[SOURCE DATA]:
___

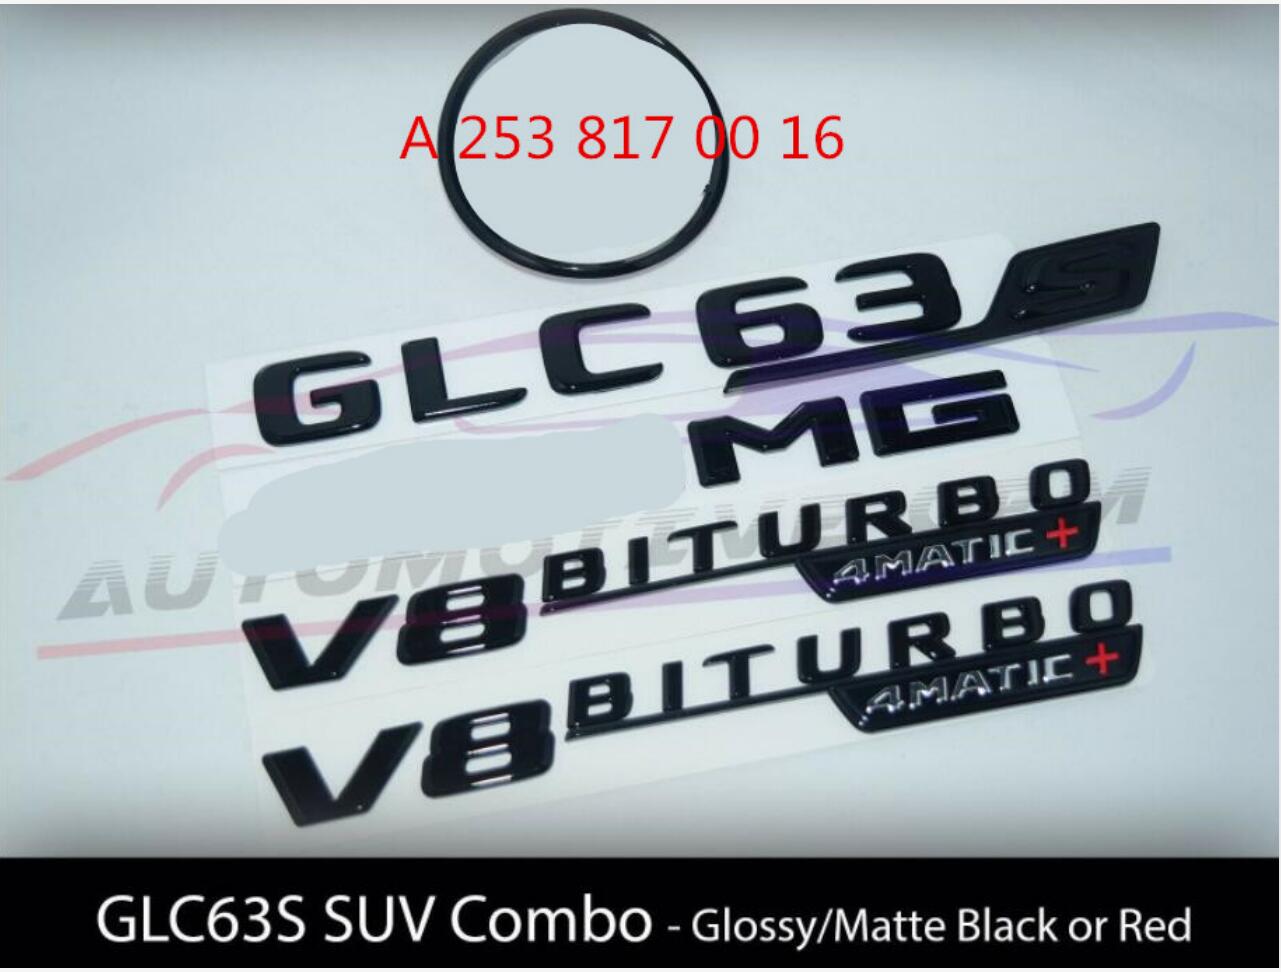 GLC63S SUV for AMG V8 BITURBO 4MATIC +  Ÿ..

___

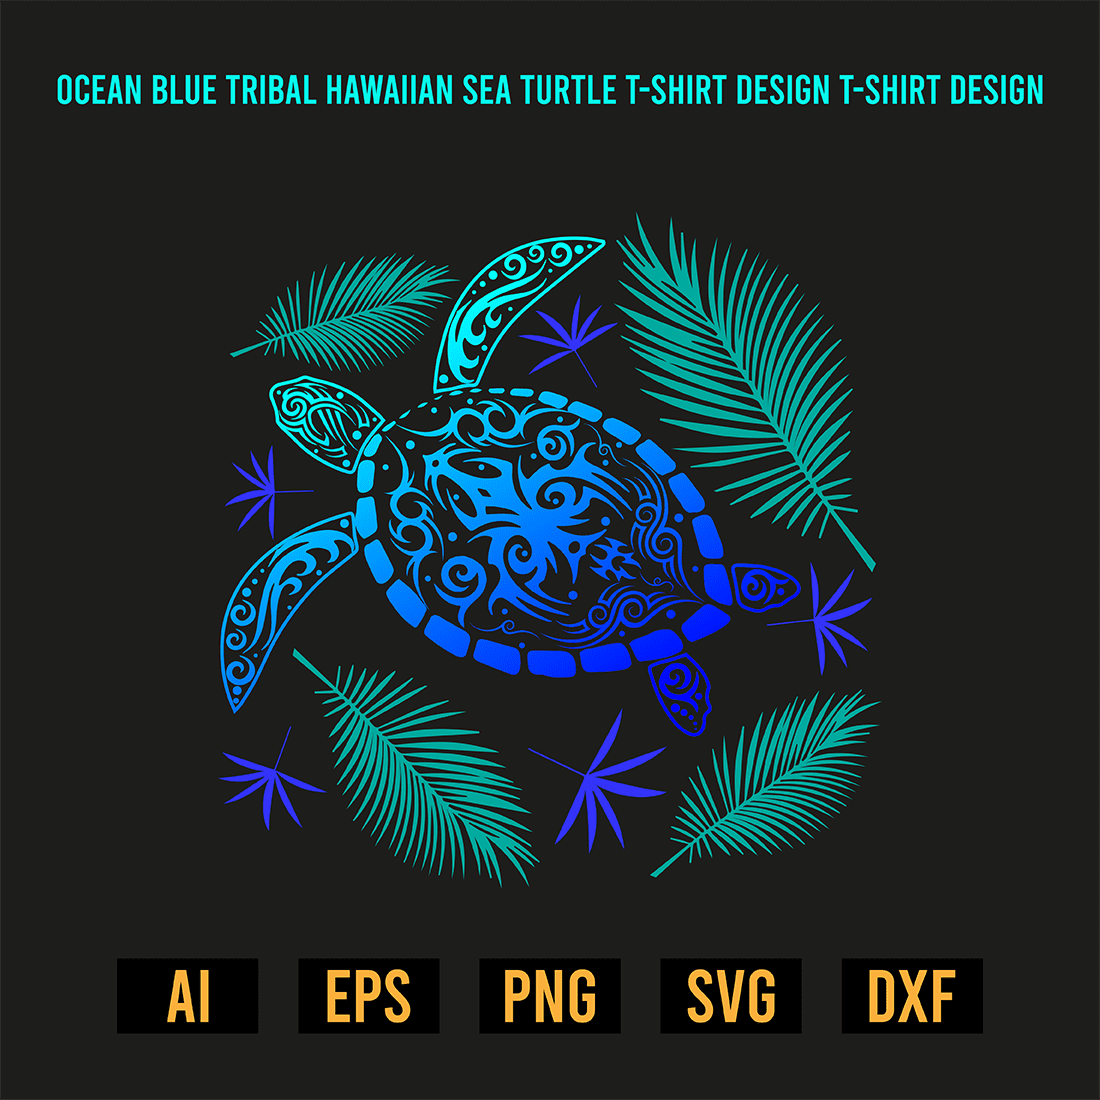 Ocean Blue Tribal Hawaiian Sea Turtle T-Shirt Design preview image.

___

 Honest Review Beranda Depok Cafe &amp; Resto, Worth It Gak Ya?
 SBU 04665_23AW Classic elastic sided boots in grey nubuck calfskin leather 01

___

Only the lines above from the line with "Honest Review Beranda" to the line with "SBU 04665_23AW Classic", those two lines included, should be reproduced exactly.

[TASK ANSWER]:
 Honest Review Beranda Depok Cafe &amp; Resto, Worth It Gak Ya?
 SBU 04665_23AW Classic elastic sided boots in grey nubuck calfskin leather 01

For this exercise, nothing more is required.